The different native metal oxide membranes all had abundant -OH groups on their entire pore surface, making these membranes highly hydrophilic. By grafting different chemical groups on their surface, we intended to make these membranes more hydrophobic and/or more oleophilic, which is beneficial for oil filtration. Four different, previously developed chemical modification techniques were used for the modification of the surface chemistry of the membranes, namely: silanation (SI), Grignard grafting (GR), phosphonic acid grafting (PA), and surface-initiated atom transfer radical polymerization (Si-ATRP). All four techniques are schematically visualized in Figure 1. As can be observed, each grafting technique yields different surface and pore chemistry modifications. Details of the first 3 grafting techniques (SI, GR, and PA) and the characteristics of the resulting membranes can be found in the review paper [30]; a short overview is given here.
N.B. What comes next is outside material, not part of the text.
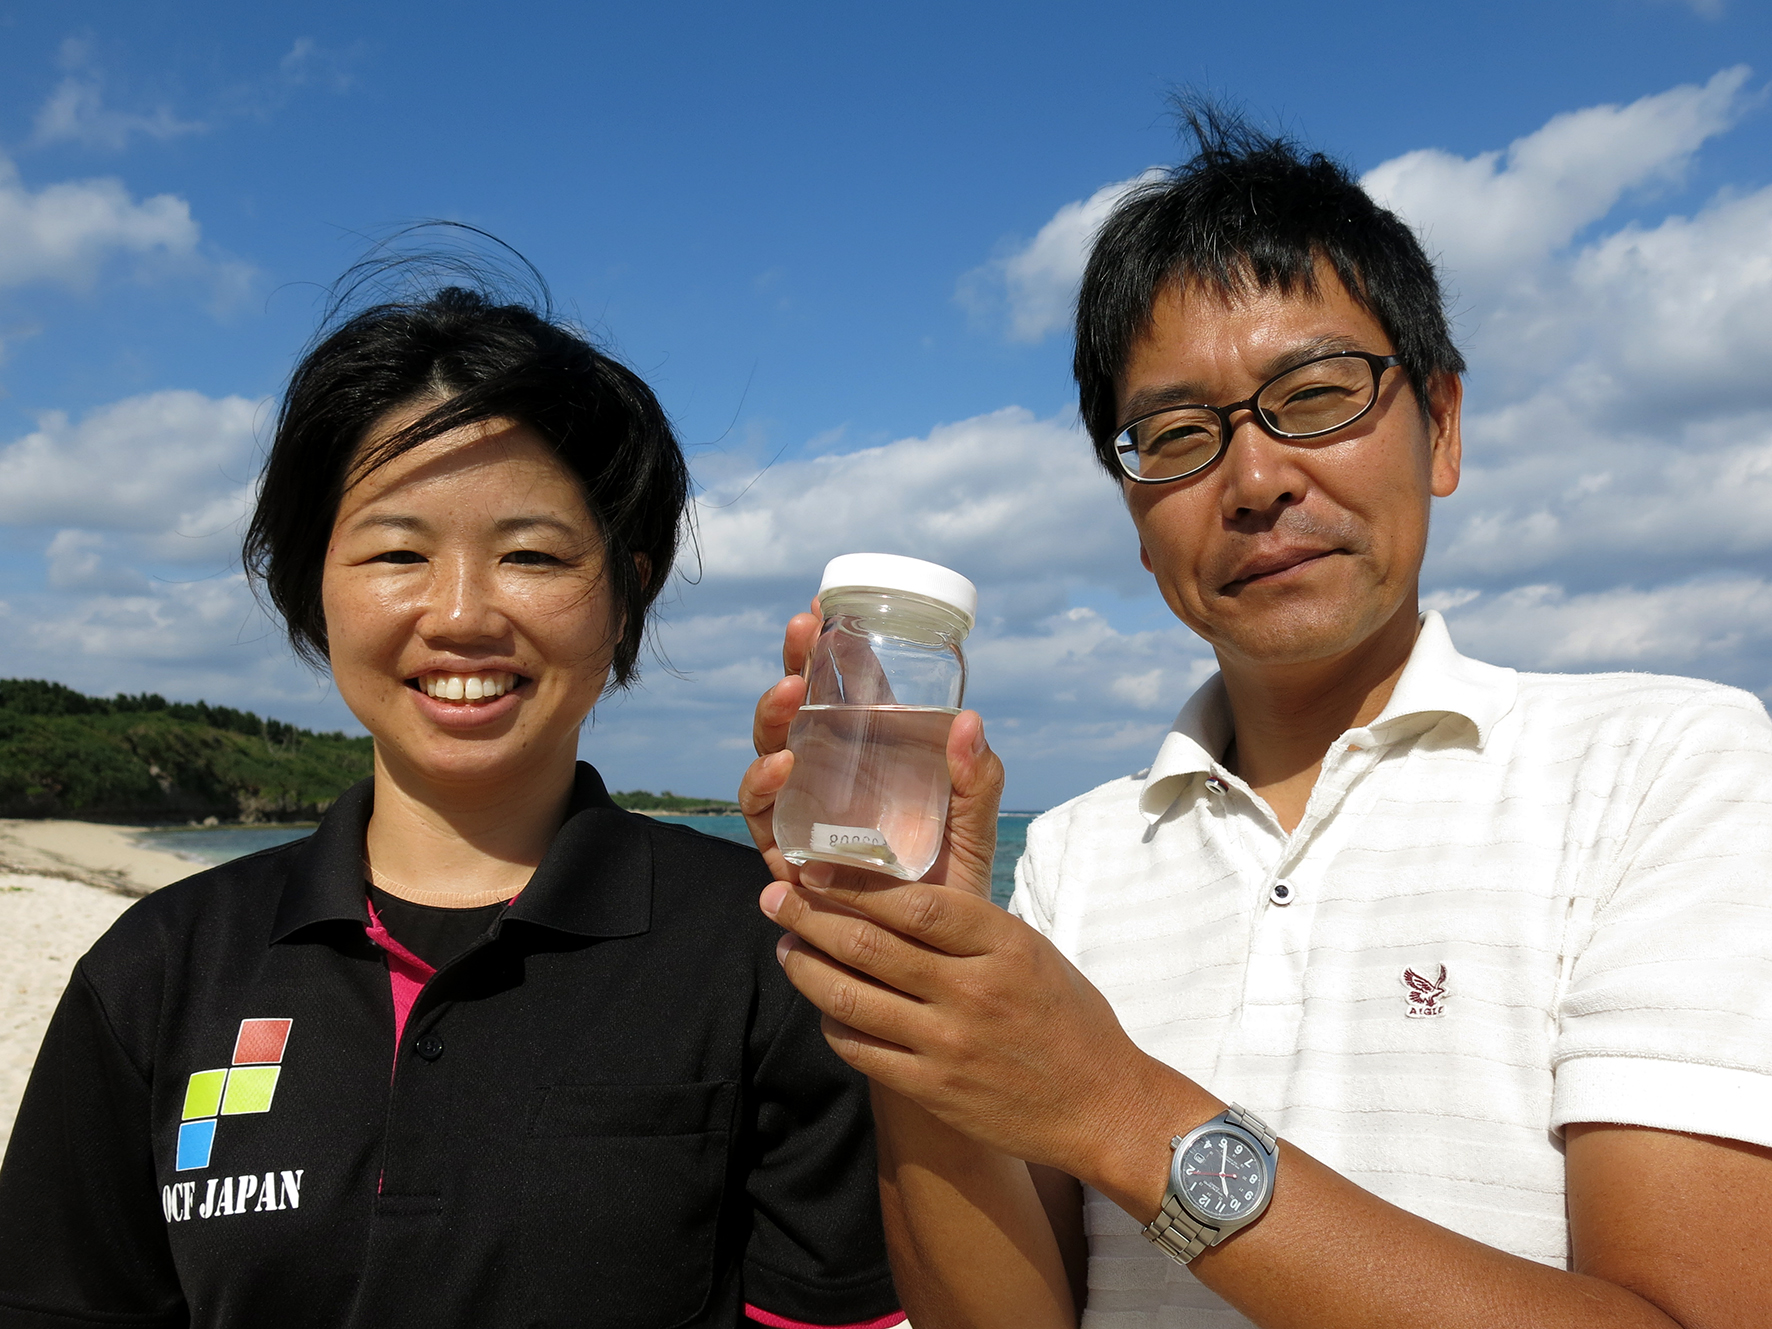 First Sighting Of Larsonella Pumilus Fish In Japan

Silanation is one of the most well-known grafting techniques. It uses silane reagents to cause a condensation reaction with the -OH groups on metal oxides. High surface coverages are typically reached, but bond stability is dependent on the metal oxide and grafted group. Fraunhofer IKTS optimized this technique to create robust, strongly hydrophobic UF membranes that are also semi-commercially available at Inopor (HOC membranes) [31,32]. In these membranes, both the support and top layers are chemically modified. Particularly for this study, IKTS used the HOC reagent in 2 concentrations (1% and 2%). Moreover, they also prepared membranes with an extra hydrophilic pore surface (S-HIGS membranes). Quality control of silanated membranes was typically done by contact angle measurements and/or Liquid Entry Pressure determination [31,33].
Grignard grafting is the proprietary grafting technique that was developed by VITO in collaboration with the University of Antwerp and recently commercialized by the SME company A-membranes www.a-membranes.com (accessed on 20 January 2026). When Grignard reagents were applied, partial replacement of the native membrane’s -OH groups occurred, leading to the direct bonding of the intended organic groups to the metal atoms through robust M-C bonds, without the involvement of oxygen atoms (as shown in Figure 1). The reaction (as applied at VITO) is possible on TiO2 and ZrO2 but not on Al2O3, leading, in the majority of cases, to membranes with only chemically modified top layers and not supports. In this study, VITO used Grignard grafting to alter the surface chemistry of a variety of TiO2 and ZrO2 membranes to make them more hydrophobic (full hydrophobicity cannot be reached due to the partial surface coverage). The quality of the GR-grafted membranes was typically measured by contact angle measurements and/or water permeability decline after grafting [34,35,36].
Phosphonic acid grafting is known in the industry and involves a condensation reaction that forms one or more oxygen-bridged M-O-P-R bonds [30]. High surface coverage can be reached. A notable limitation of the phosphonic acid method is the limited range of functional groups commercially available and the limited stability of the formed bond in the case of Al2O3 (or SiO2, but that is not relevant for this work). In this study, VITO used the technique to create hydrophobicity on some of the TiO2 top layers; the alumina supports were not modified. Increased hydrophobicity was again evident from contact angle measurements and/or water permeability decline after grafting [34,35].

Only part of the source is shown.